Original article: cardiovascular

Early failure of the shelhigh pulmonary valve conduit in infants

Jeffrey M. Pearl, MD*a, David S. Cooper, MDb, Kevin E. Bove, MDc, Peter B. Manning, MDa

a Department of Departments of Pediatric Cardiothoracic Surgery, Cincinnati Children’s Hospital Medical Center, Cincinnati, Ohio, USA
b Department of Pediatric Cardiology, Cincinnati Children’s Hospital Medical Center, Cincinnati, Ohio, USA
c Department of Pathology, Cincinnati Children’s Hospital Medical Center, Cincinnati, Ohio, USA

* Address reprint requests to Dr Pearl, Pediatric Cardiac Transplantation, Cincinnati Children’s Hospital Medical Center, 3333 Burnet Ave, OSB-3, Cincinnati, OH 45229, USA
e-mail: pearj0{at}chmcc.org

Presented at the Thirty-eighth Annual Meeting of The Society of Thoracic Surgeons, Fort Lauderdale, FL, Jan 28–30, 2002.

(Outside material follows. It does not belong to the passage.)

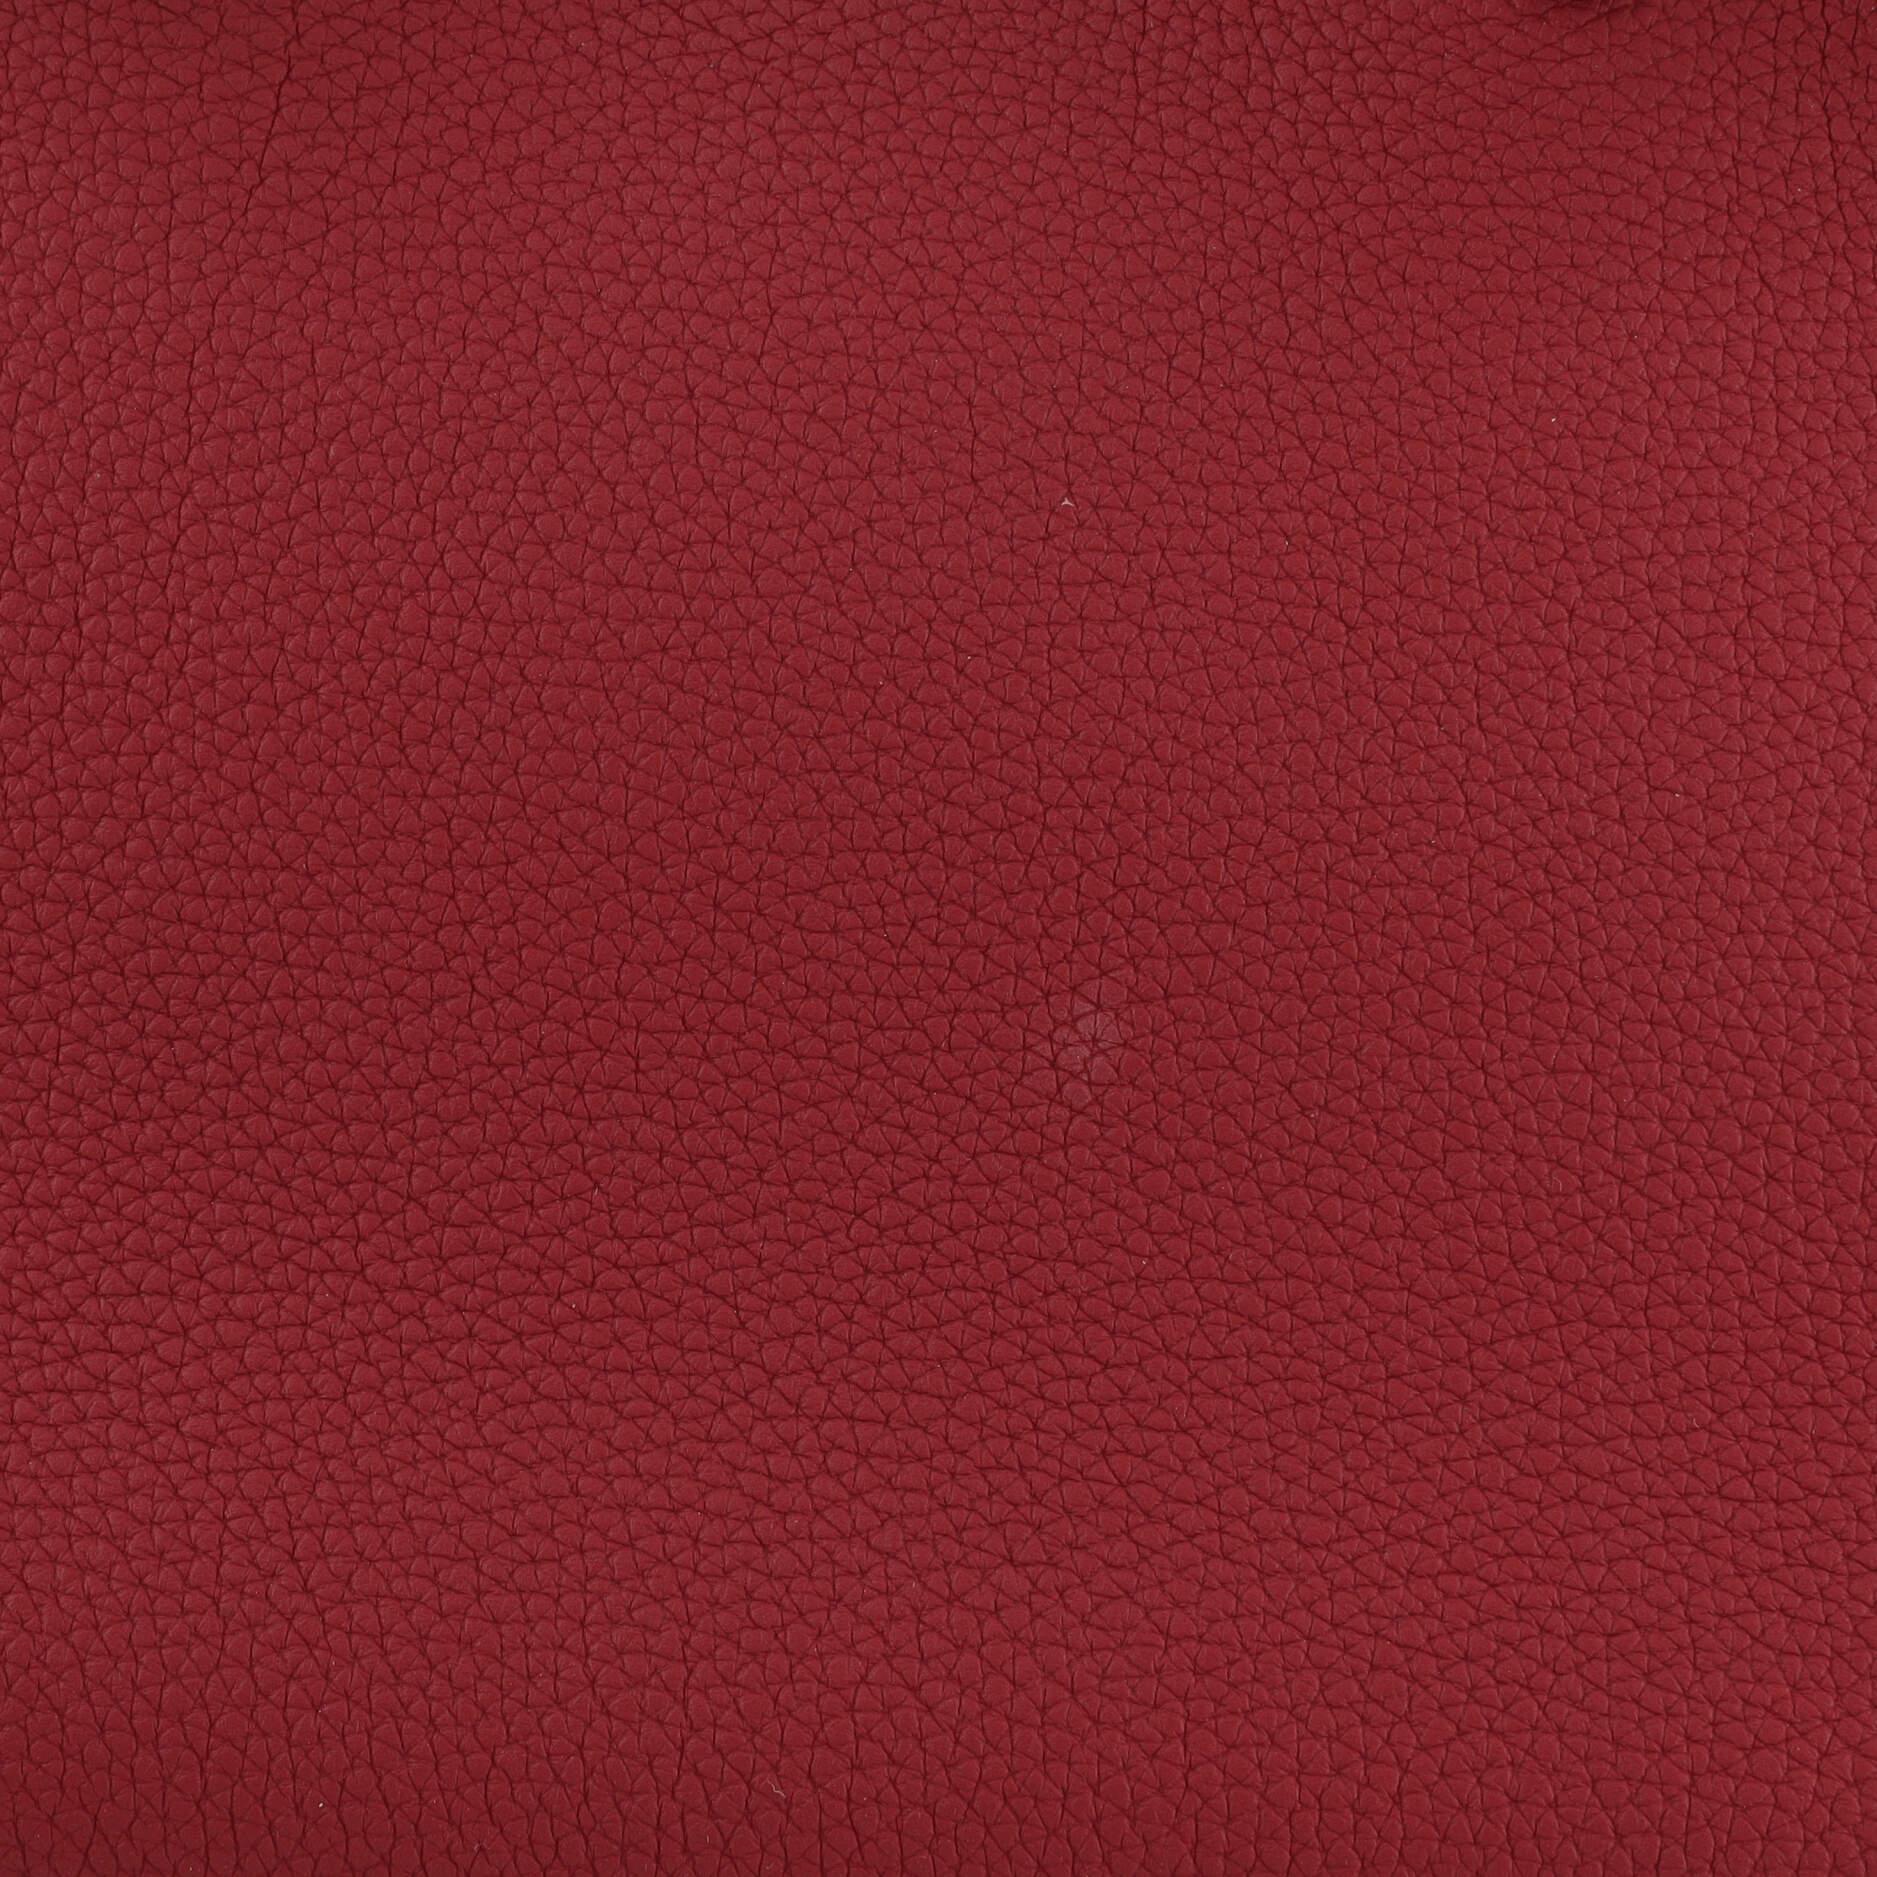 Hermes Birkin Handbag Rouge Grenat Togo with Gold Hardware 30 5

Background. The ideal valved conduit for right-sided (pulmonary) reconstruction in infants and children remains elusive. Desired characteristics include availability, ease of implantation, and longevity. Cryopreserved homografts are most commonly used, but availability of small sizes and limited durability remain problematic. The Shelhigh porcine-valved conduit (SPVC) with its No-React anticalcification properties was developed as a potential alternative to homografts.

Methods. During a 10-month period, 8 patients underwent seven successful SPVC implantations. Median age was 9.5 days. Six conduits were less than 12 mm in diameter (range, 9 to 19 mm).

Results. The early and late survival rates were 100%. During a mean follow-up of 18 months, five conduits were replaced at 6, 10, 12, 12, and 13 months for severe obstruction. Actuarial conduit failure at 12 months was 72%. Explanted SPVCs demonstrated marked pseudointimal peel formation along the original intima with an intense granulomatous inflammatory reaction. The intimal reaction was severely fibrogenic, but calcification was not present. For comparison, we retrospectively reviewed the cases of 23 infants receiving cryopreserved homografts during an overlapping period. Twelve patients, 6 of them neonates, were less than 90 days old. Mean homograft size was 13 mm (range, 8 to 15 mm), with nine less than 13 mm. During a mean follow-up of 26 months, six conduits were replaced at 7, 12, 12, 16, 20, and 35 months (sizes 13, 17, 14, 12, 10, and 12 mm, respectively). Only three of nine homografts less than 13 mm in size were replaced during a mean follow-up of 12 months. The overall homograft replacement rate was 17% at 22 months (p = 0.005) compared with the SPVC).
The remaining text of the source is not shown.